We add a node-scheduler-policy and gpu-scheduler-policy to config, then scheduler to use this policy can impl node binpack or spread or GPU binpack or spread or topology-aware. The topology-aware policy only takes effect with Nvidia GPUs.

User can set Pod annotation to change this default policy, use hami.io/node-scheduler-policy and hami.io/gpu-scheduler-policy to overlay scheduler config.

User Stories

This is a GPU cluster, having two node, the following story takes this cluster as a prerequisite.

scheduler-policy-story.png

Story 1

node binpack, use one node’s GPU card whenever possible, egs:

  • cluster resources:

    • node1: GPU having 4 GPU device
    • node2: GPU having 4 GPU device
  • request:

    • pod1: User 1 GPU
    • pod2: User 1 GPU
  • scheduler result:

    • pod1: scheduler to node1
    • pod2: scheduler to node1

Story 2

node spread, use GPU cards from different nodes as much as possible, egs:

  • cluster resources:

    • node1: GPU having 4 GPU device
    • node2: GPU having 4 GPU device
  • request:

    • pod1: User 1 GPU
    • pod2: User 1 GPU
  • scheduler result:

    • pod1: scheduler to node1
    • pod2: scheduler to node2

Story 3

GPU binpack, use the same GPU card as much as possible, egs:

  • cluster resources:

    • node1: GPU having 4 GPU device, they are GPU1,GPU2,GPU3,GPU4
  • request:

    • pod1: User 1 GPU, gpucore is 20%, gpumem-percentage is 20%
    • pod2: User 1 GPU, gpucore is 20%, gpumem-percentage is 20%
  • scheduler result:

    • pod1: scheduler to node1, select GPU1 this device
    • pod2: scheduler to node1, select GPU1 this device

Story 4

GPU spread, use different GPU cards when possible, egs:

  • cluster resources:

    • node1: GPU having 4 GPU device, they are GPU1,GPU2,GPU3,GPU4
  • request:

    • pod1: User 1 GPU, gpucore is 20%, gpumem-percentage is 20%
    • pod2: User 1 GPU, gpucore is 20%, gpumem-percentage is 20%
  • scheduler result:

    • pod1: scheduler to node1, select GPU1 this device
    • pod2: scheduler to node1, select GPU2 this device

Design Details

Node-scheduler-policy

node-shceduler-policy-demo.png

Binpack

Binpack mainly considers node resource usage. The more full the usage, the higher the score.
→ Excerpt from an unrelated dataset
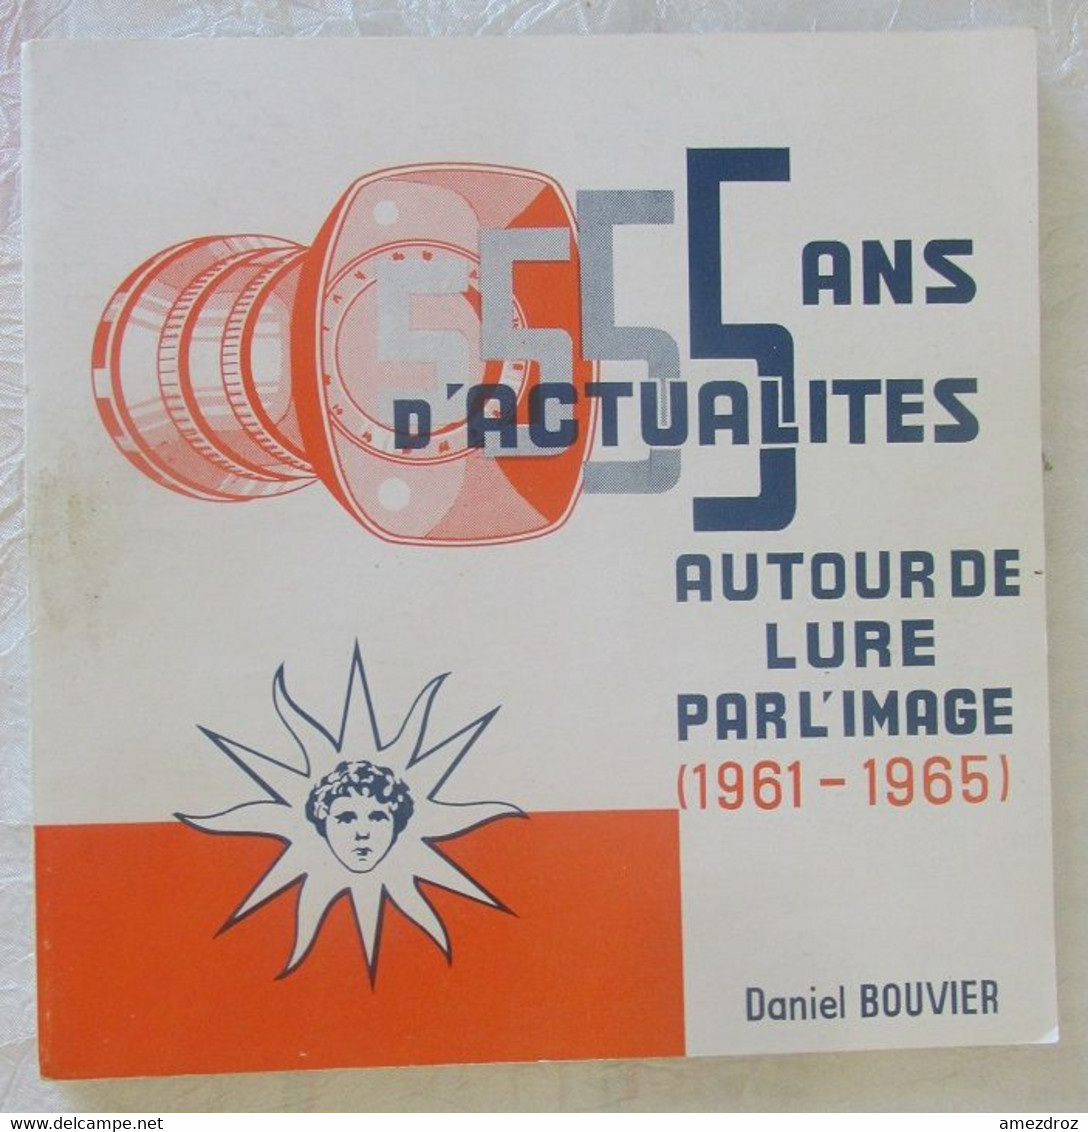 5 Ans D'actualités Autours De Lure Par L'image (1961-1965) - Daniel Bouvier - Franche-Comté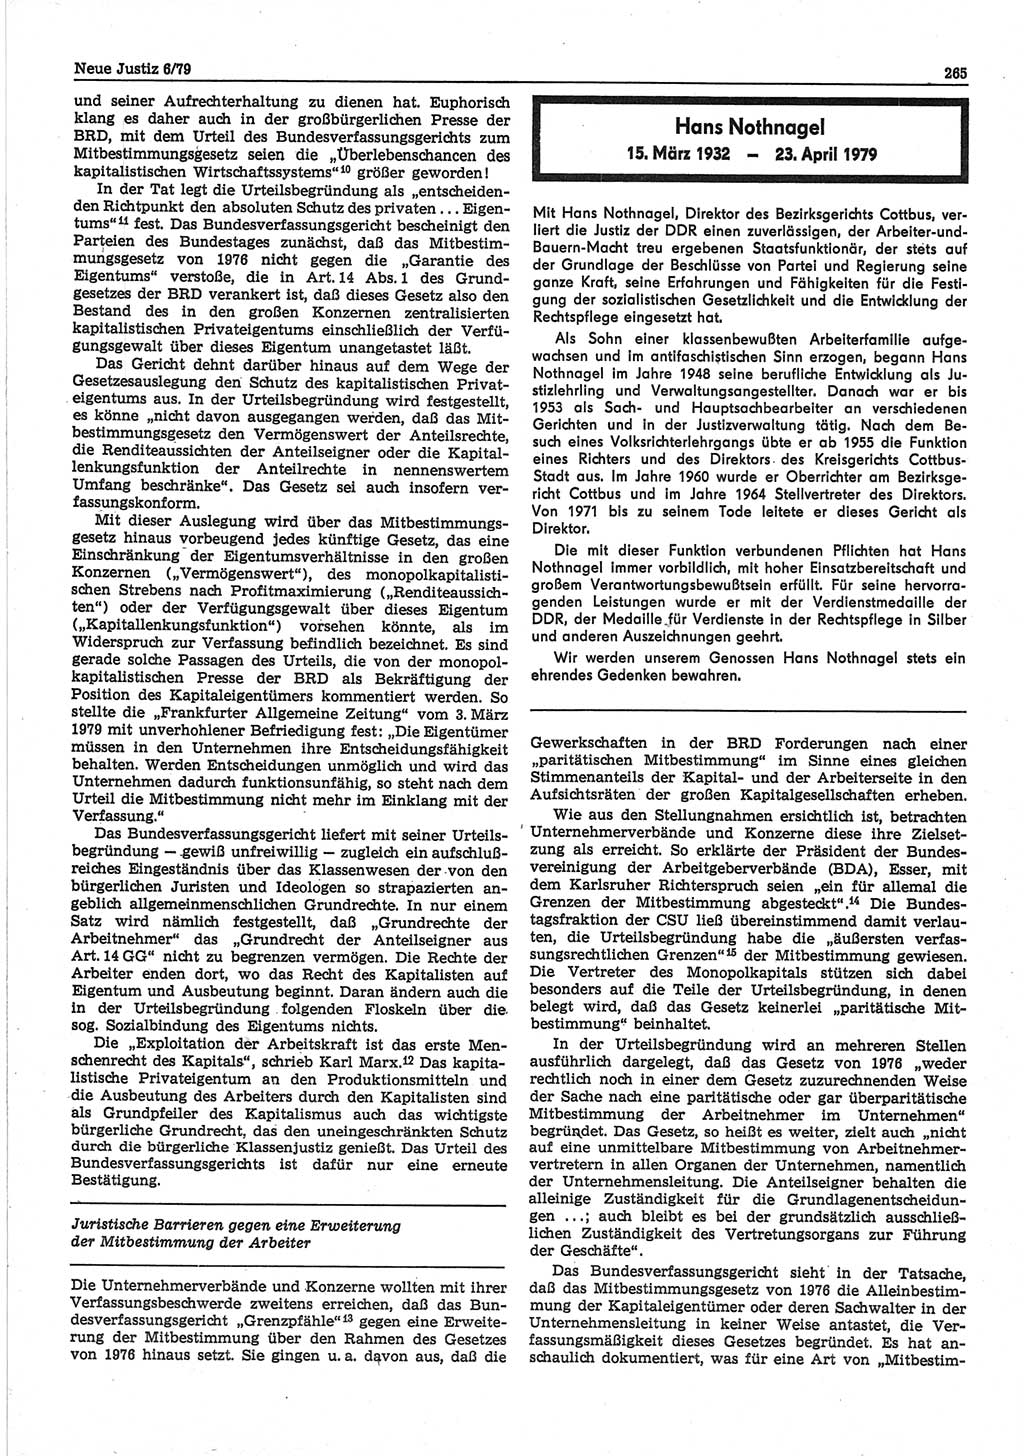 Neue Justiz (NJ), Zeitschrift für sozialistisches Recht und Gesetzlichkeit [Deutsche Demokratische Republik (DDR)], 33. Jahrgang 1979, Seite 265 (NJ DDR 1979, S. 265)

score: ((request + used) / allocatable) * 10 
  1. Binpack scoring information for Node 1 is as follows
Node1 score: ((1+3)/4) * 10= 10
  1. Binpack scoring information for Node 2 is as follows
Node2 score: ((1+2)/4) * 10= 7.5

So, in Binpack policy we can select Node1.

Spread

Spread mainly considers node resource usage. The less it is used, the lower the score, but the higher the priority.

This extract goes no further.